Whatever the reason, it's important to keep the solution clean. By this I mean removing the "artifacts" that may build up as part of this natural evolution of configuring CRM within an organization. Leaving in attributes that are no longer in use is not good practice for a number of reasons, some of which are:

·        Over time it can lead to confusion when trying to understand how a particular part of the application works. Keeping the system nice and clean is good in and of itself but also saves time in the long run by not having to spend time trying to separate between the wheat and the chaff
·        Although you may have cutover to the newer functionality it's possible that there are old reports or the like that still reference the old artifacts. If you remove these attributes the reports will fail the next time they run, however it is better to have a report fail noisily (of course expectations should be set) so it can be addressed, than continue to function and return wrong and/or misleading information
·        Performance – This one is fairly obvious.
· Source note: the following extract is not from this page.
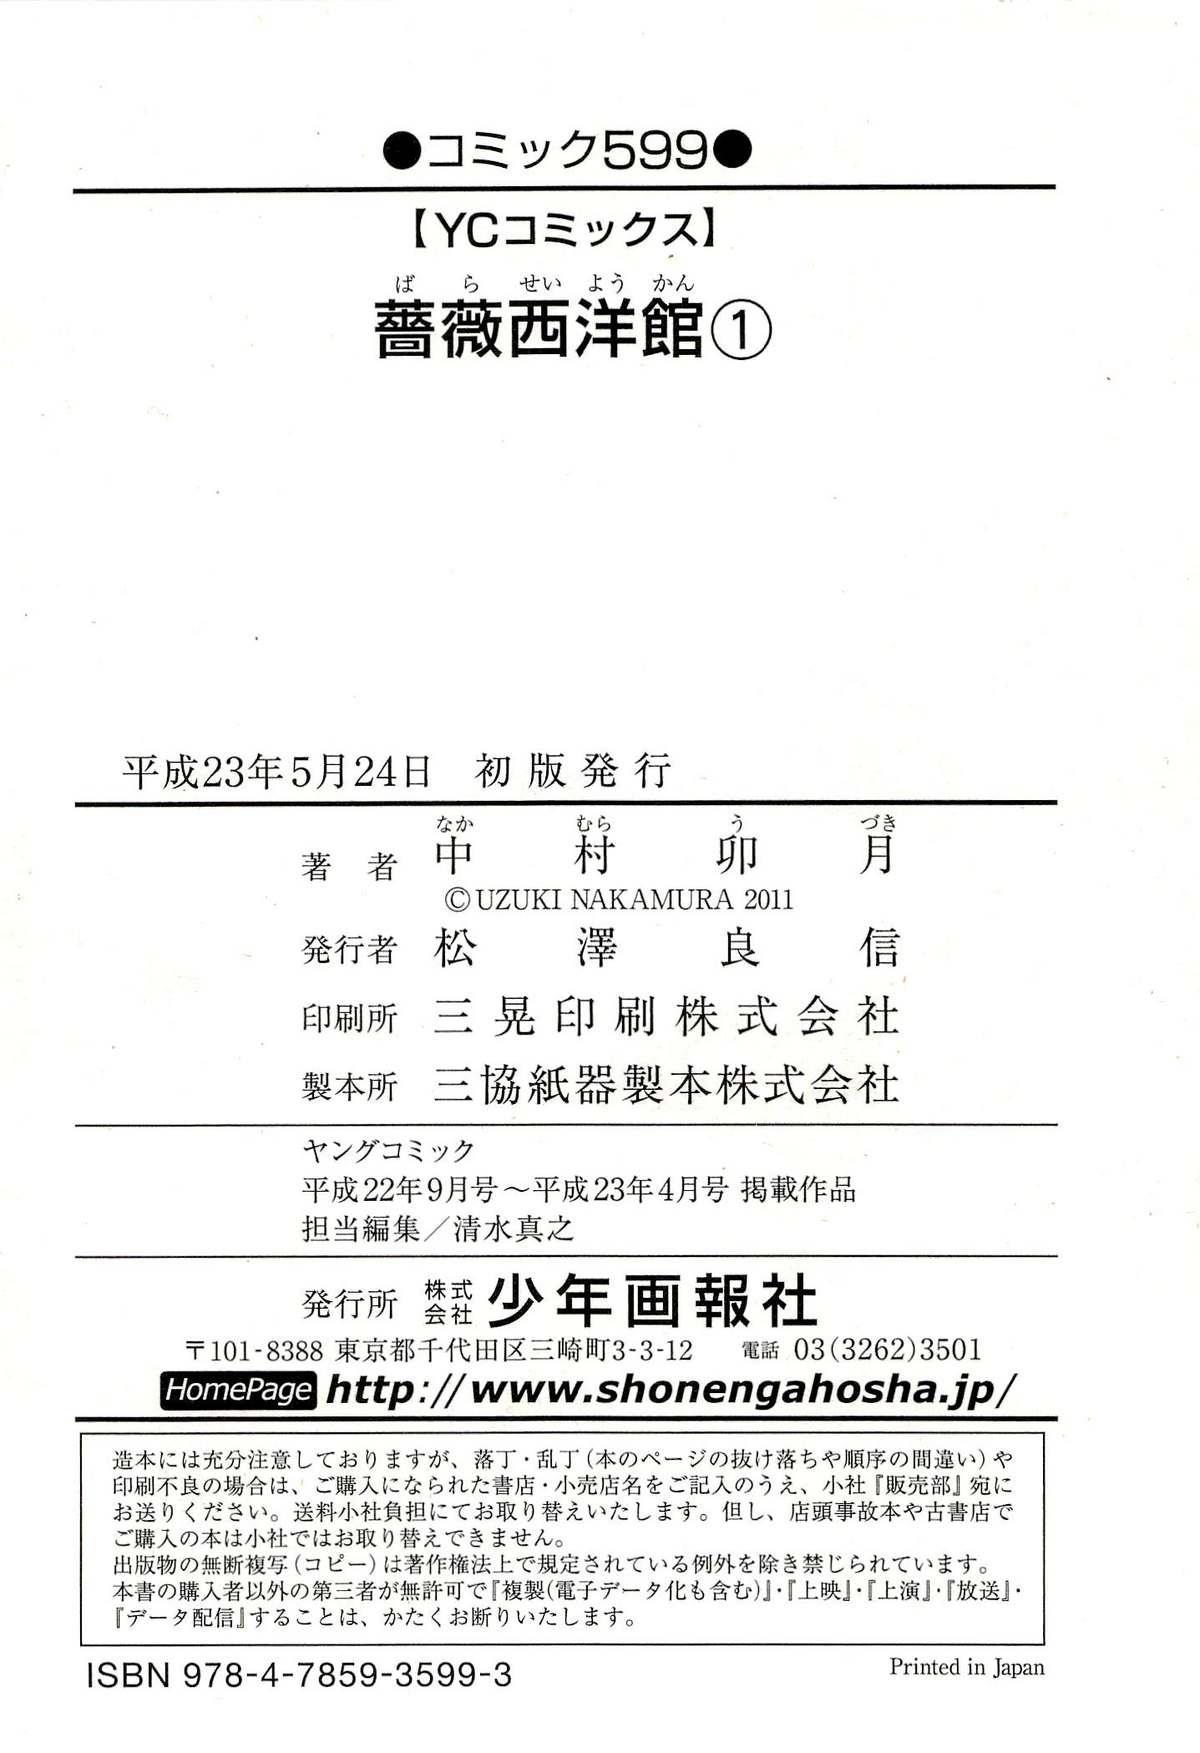 Bara Seiyoukan v.01 ch06 - 08 59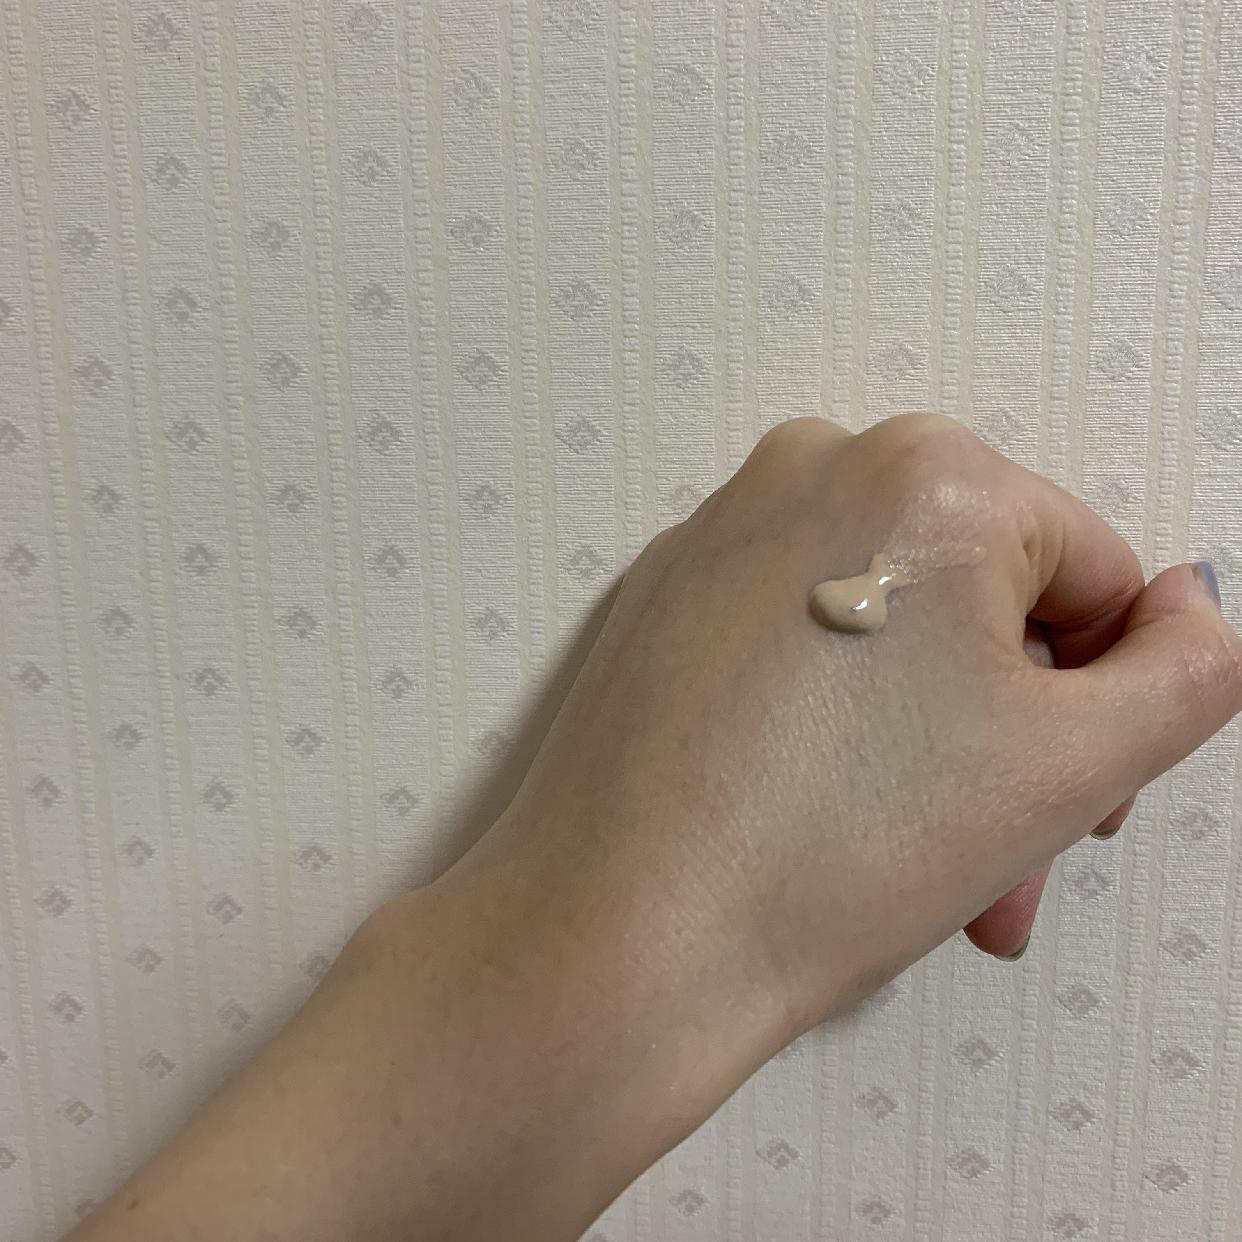 SK-Ⅱ(エスケーツー)アトモスフィア CCクリームを使った えいみさんの口コミ画像2

To keep the system running at optimum levels it is always advisable to keep them as lean and mean as possible.
       

Of course, removing artifacts doesn't have to be performed as part of the cutover to the new functionality. In many circumstances it may be prudent to wait a day or two, or even a week or two after a cutover event. For example, it may be possible that data was converted as part of the cutover event, but perhaps certain data got missed or skipped over (of course, this never happens when working with Sentri!) – having the artifact data available can allow you to correct the data quickly. Alternatively, it might be possible that for whatever reason you need to rollback to the previous functionality and of course having the old attributes along with the accompanying old data makes this that much easier to do. In short, it is recommended to create a follow up task pending a cutover event to remove artifacts from the system at a not too distant time in the future.